The FDLR are the most active politically-violent group in DR Congo. M23, a militant rebel group founded in early 2012, with documented military and financial links to Rwanda, was largely active and responsible for much conflict in 2012 and most of 2013 until their surrender at the end of 2013. At this time, M23 announced the end of their rebellion and that they would pursue their goals “through purely political means” thereafter[1]. In 2014 the M23 have been involved in markedly fewer conflicts, though the UN continues to appeal to Congolese authorities for justice for crimes committed by the group at the height of their power.[2]  Reports of recent reassembly and recruitment have yet to produce a significant increase in violent activity.

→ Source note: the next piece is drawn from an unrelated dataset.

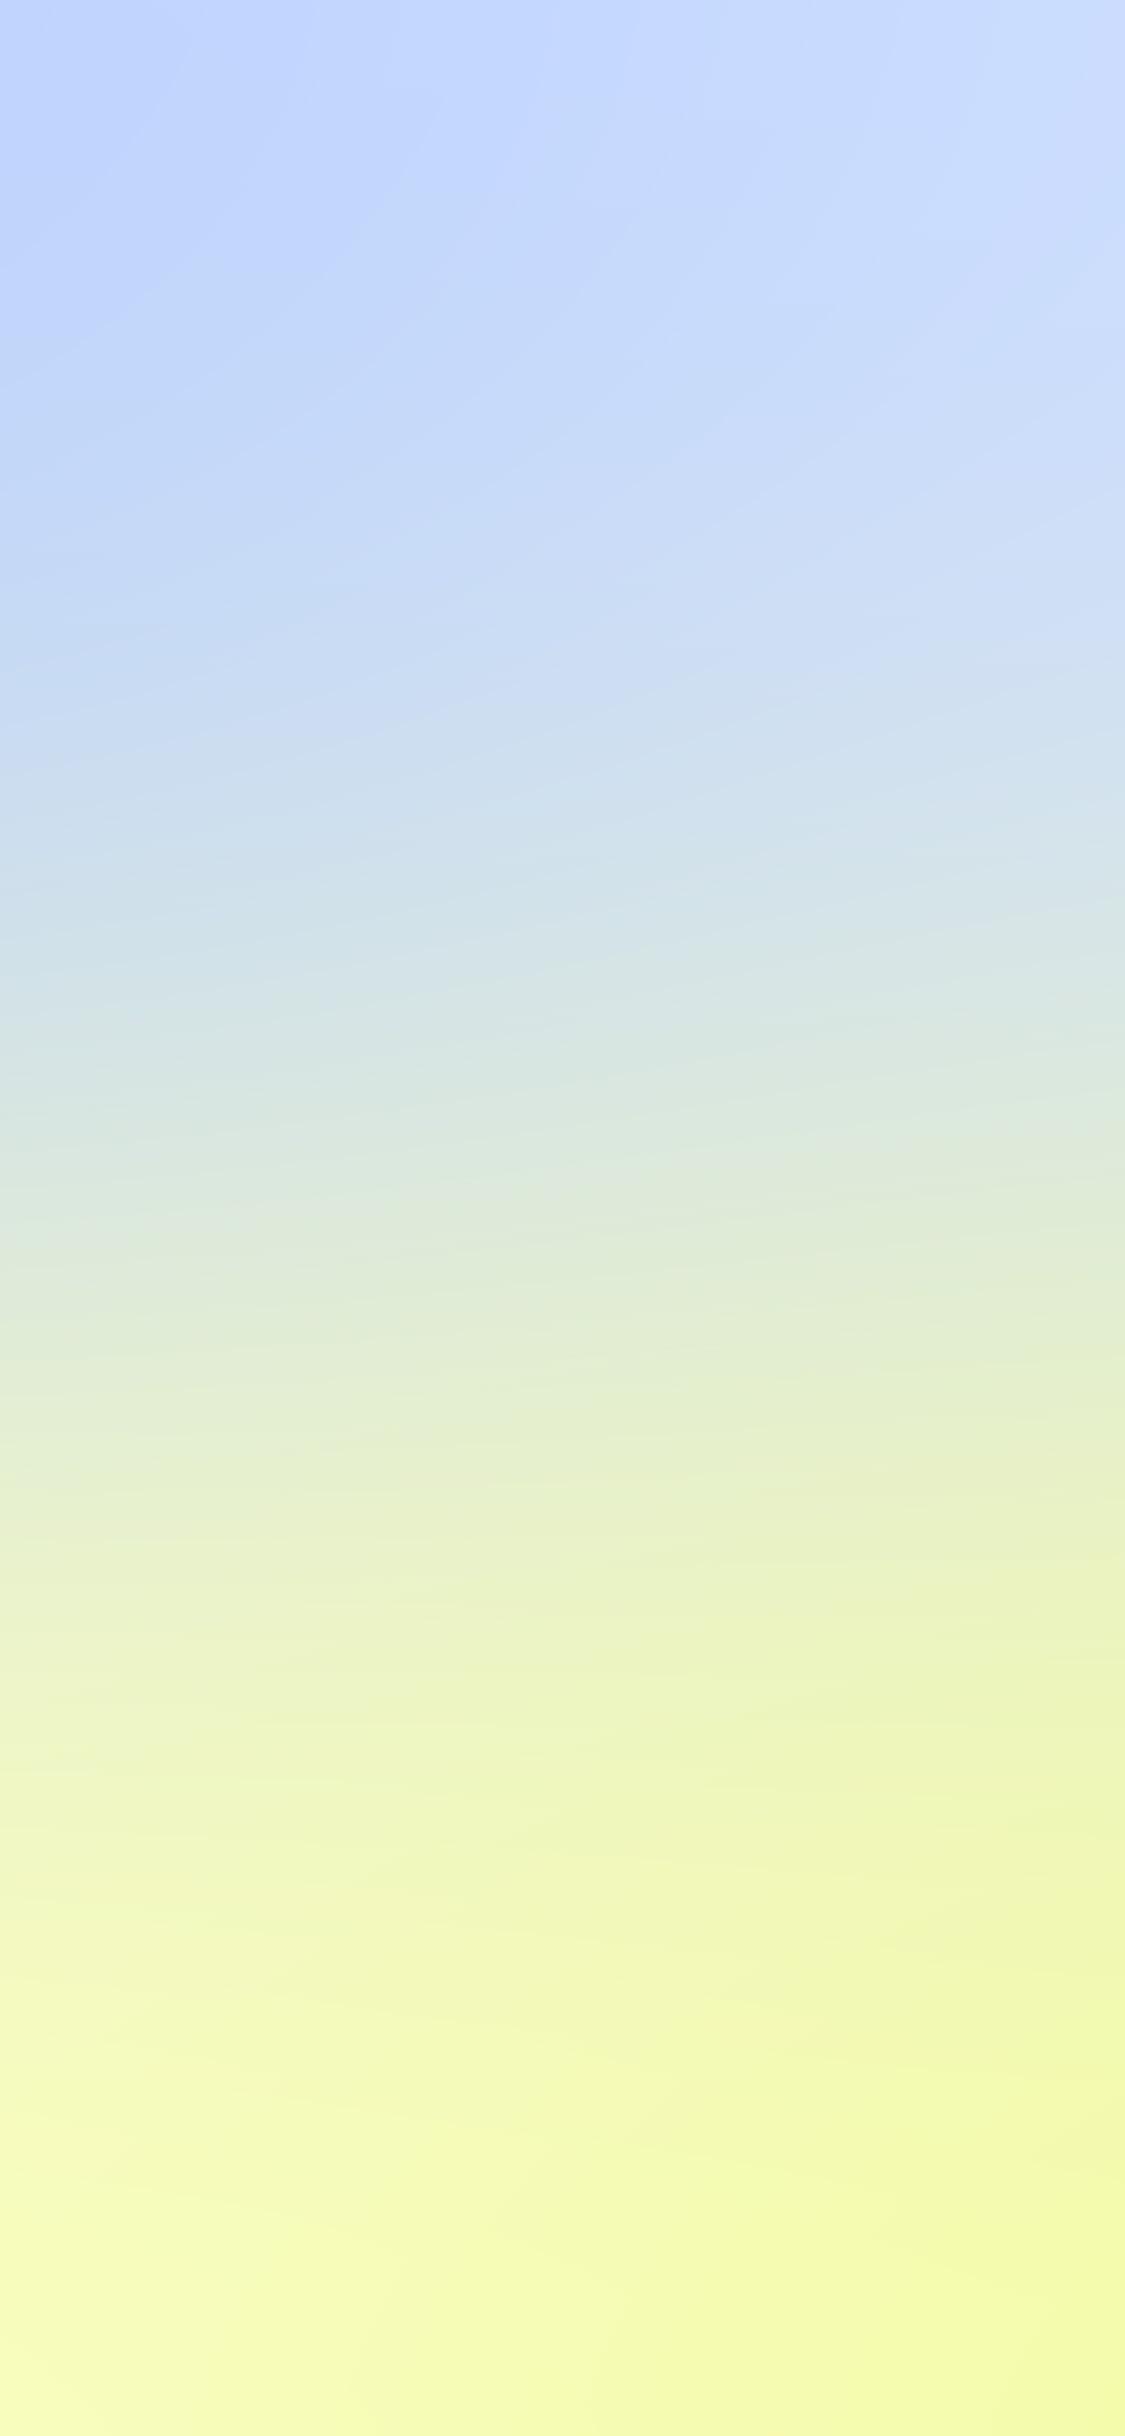 iPhonexpapers.com-Apple-iPhone-wallpaper-sn86-light-yellow-sunny-blur-gradation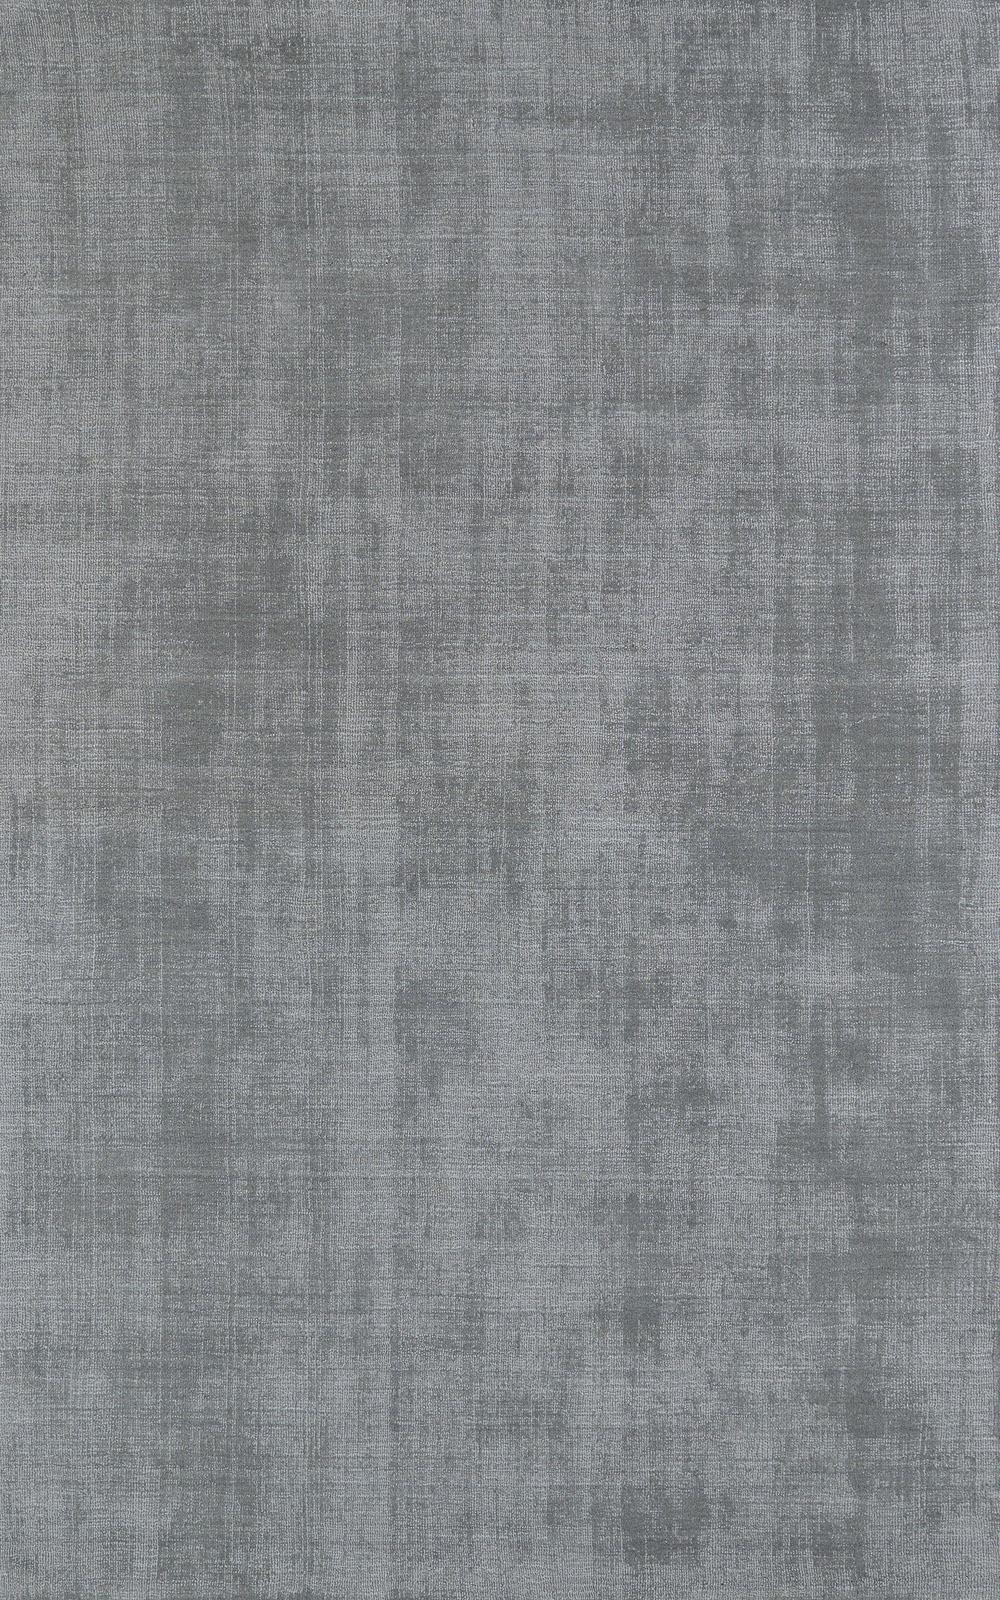 Laramie Silver Hand Loomed Wool Amp Viscose Yarns Rug

The long shadow of Rwanda continues to exert the dominant influence in Eastern Congo’s conflict. M23 was a predominantly Tutsi group while the FDLR is primarily Hutu; both are carrying on a proxy conflict for and against Rwanda and Rwandan influences.  Figure 1 shows a comparison of the two groups’ involvement in conflict since 2012.  Though the M23 was involved in a higher number of conflict events, in 2013 a higher percentage of their conflict involvement was in battles.  Meanwhile, tactically, the FDLR seems to divide its involvement between battles and violence against civilians fairly evenly.  M23 was much more centralized in the Kivu region, exhibiting no conflict events outside of that area.  Though the FDLR are also focused in Kivu, their involvement in conflict ranges across the east into Katanga province, and can also be seen in Orientale province. While the M23 was involved in battles with government forces for the most part, the FDLR is involved in battles largely with political militias.  This likely stems from the fact that the M23 was formed as a mutiny of armed Congolese forces, while support from the FDLR was used by Congolese army generals in combatting the M23 at the height of their power.

Figure 2 (1)

UN peacekeepers have been active in DR Congo since 1999, originally as the United Nations Mission in the Democratic Republic of Congo (MONUC) following the Second Congo War, and later re-deployed as the United Nations Organization Stabilization Mission in the Democratic Republic of Congo (MONUSCO) in July 2010.  Since 2012, MONUSCO has been involved in conflicts almost exclusively with the M23 in large part in 2012 and 2013; and most recently, the FDLR.  The UN has given the FDLR six months to disarm, during which time they are expected to voluntarily lay down their weapons.[3]  Three months have elapsed since the ultimatum with minimal demobilization.[4]  Though conflict between MONUSCO and the FDLR has decreased, at the time of writing, MONUSCO appears to be on the verge of a military offensive to eliminate the FDLR in eastern DR Congo.[5]  The full effects and success of the disarmament are yet to be seen.

Figure 3

Since June, MONUSCO has been involved in only two conflicts, though exclusively combatting Mayi-Mayi militias (see Figure 2); these are the only instances of events in which MONUSCO has combatted Mayi-Mayi militias in recent years. In June, MONUSCO forces, supported by the Congolese military, clashed with Mayi-Mayi militias, reportedly including M23 members. In September, MONUSCO and government forces regained control of Lugunga locality from a Mayi-Mayi militia.  It may be too soon to tell whether MONUSCO has taken an interest in Mayi-Mayi activity, or if these two battles simply represent old MONUSCO rivalries and attempts to maintain order in the region. Taking an interest in Mayi-Mayi militias would not be ill founded; grouped together, Mayi-Mayi militias constitute the most violence in DR Congo in 2014 of all non-government forces, as they are involved in over one-fifth of conflict events this year. These groups are political militias, emerging at different times across DR Congo. Tactically, Mayi-Mayi militias split involvement in battles and violence against civilians fairly equally. Figure 3 shows that most Mayi-Mayi battles have been against government forces, though they are also involved in a significant number of conflicts against each other / other political militias.  These groups continue to be active in the east, and centered largely in Kivu.  The most active of these groups in 2014 are the Raia Mutomboki, the Bakata Katanga, the Yakutumba, and the Simba, who are active in different zones around the broader Eastern Congo area.  MONUSCO continues to center its operations exclusively in Kivu in 2014, despite the fact that there continues to be low-level conflict occurring in Katanga and Orientale provinces. These conflicts largely involve battles between Congolese government forces and political militias, as well as a high number of instances of violence against civilians.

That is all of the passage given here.